What A 19th Century Campaign To Declare Mormons ‘Non-White’ Tells Us About Modern Islamophobia

I find this argument to be very farfetched. I'd like to hear from some historians on the matter, but my general impression is that Reeve is taking some very obscure elements of the history and applying them out of context, making them appear more prevalent and significant than they actually were.

Like this Mormon Elder-Berry cartoon. There is no explanation provided for this, so it's a lot of speculation as to what meaning the artist was actually going for. Either way one cartoon in a random magazine hardly establishes a pattern. By comparison we see political cartoons all around us. This past week for example major newspapers ran articles and cartoons characterizing GOP voters as "mindless zombies" and "racists."

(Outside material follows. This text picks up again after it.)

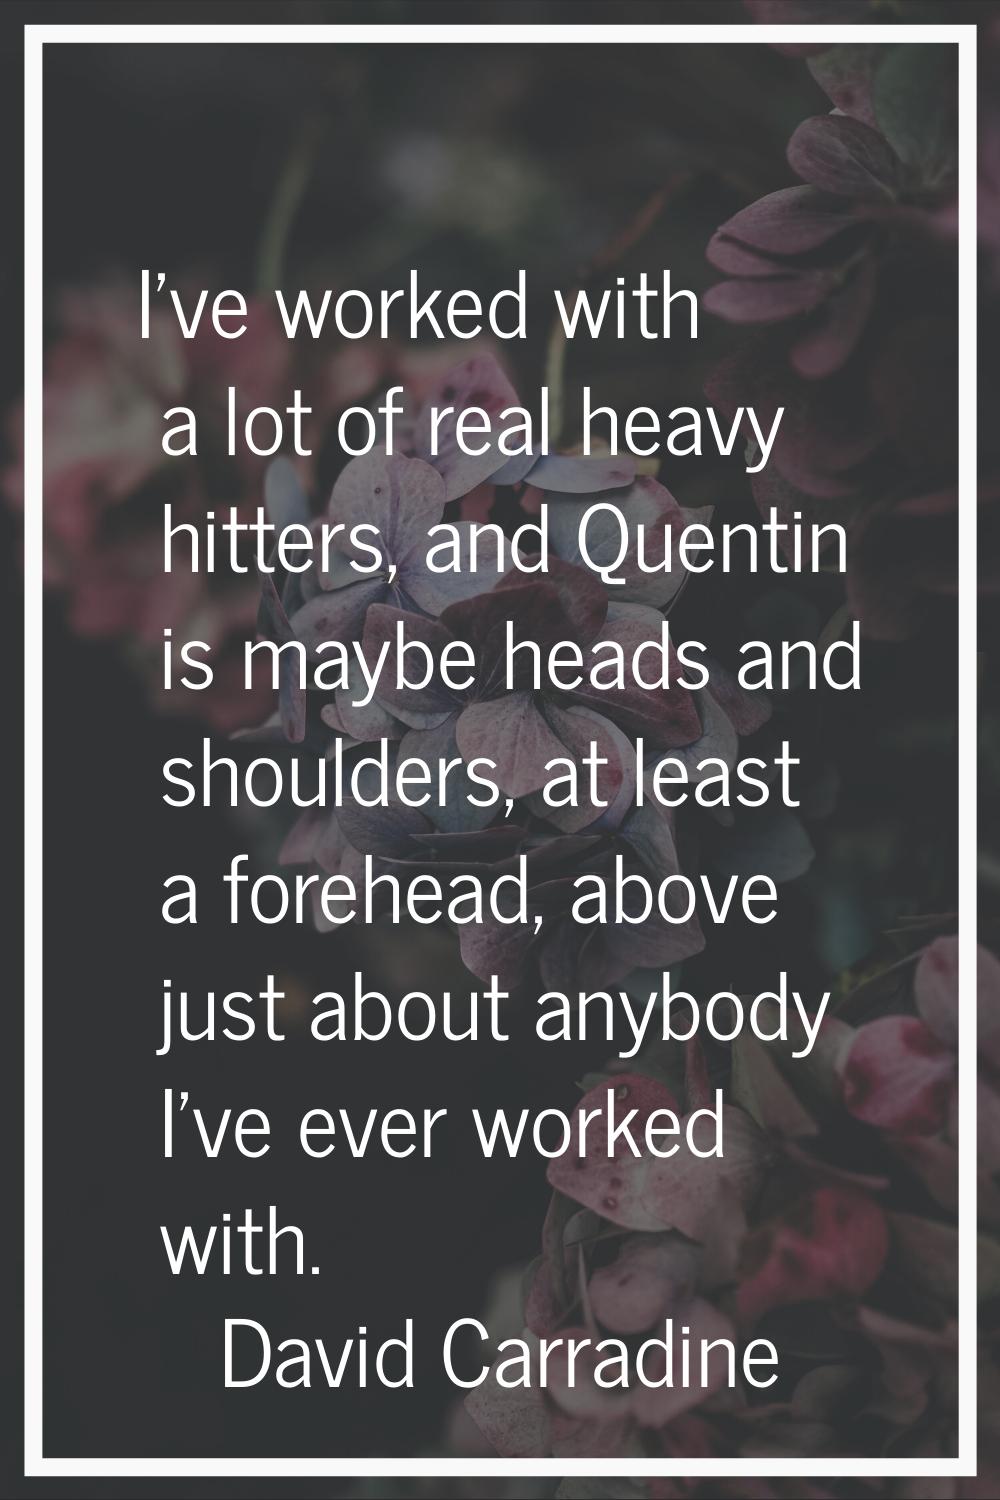 I've worked with a lot of real heavy hitters, and Quentin is maybe heads and shoulders, at least a

Democrats and Republicans are calling each other "racists" all the time. Does that make the characterization true? Does it mean the target of the characterization accepts the label as being true, that it influences their behavior? No. It might, but I don't see very many Republicans being all too concerned with what Democrats think of them. In fact, the very act of calling GOP voters "racist" seems to have the opposite effect, making them want to vote for someone like Trump even more just to give Democrats the finger.

Reverse racism is a kind of polemical and rhetorical tactic. And I tend to think that's all this really is. Reeve has identified a relative handful of examples where such tactics were employed against Mormons, but I don't find the argument compelling that these examples represent the widespread culture.

Humans by nature are tribal. We form into all kinds of groups, ethnic, cultural, religious, political, whatever. Mormons in the 19th century, even still today, were very insular. Like a bull in a china shop they rolled into areas and took them over. Nauvoo went from this sparely populated rural community to a city larger than Chicago overnight. The people native to the area were not happy to be suddenly overrun like that. And can one blame them?

Mormons essentially did to 19th century Americans what the American frontiersmen did to the Native Americans. In the church is this attitude that early mormons were innocent victims of persecution, but when I read the raw history of the early mormons I see a different picture. Yes, there are some examples that seem to fit that characterization of innocence, but on the whole, Mormons had it coming. They were like a 19th century American version of ISIS.

Founder Joseph Smith famously ran for president of the United States in 1844 as a way to help legitimize the views of his people

What an absurd misrepresentation of that history. Joseph Smith declared himself to be king of the world and formed an army (nauvoo legion) that was 1/3 the size of the US Army at the time that he appointed himself the "Lieutenant General" of. He rode around wearing a gaudy military uniform, etc. When you look at what he did in context he looks like a total nut job with literally insane delusions of grandeur.

He wasn't trying to wage a 19th century version of the sappy "I'm a mormon" media campaign, he was no-joke trying to take over the country. There was talk of secession and all sorts of cray cray. He was exploring the idea of moving to Texas and forming a Mormon Republic there. Brigham Young wanted to join up with the confederates but didn't when Lincoln threatened to go after him over polygamy. Lincoln essentially agreed to allow polygamy in exchange for the mormons remaining neutral in the civil war.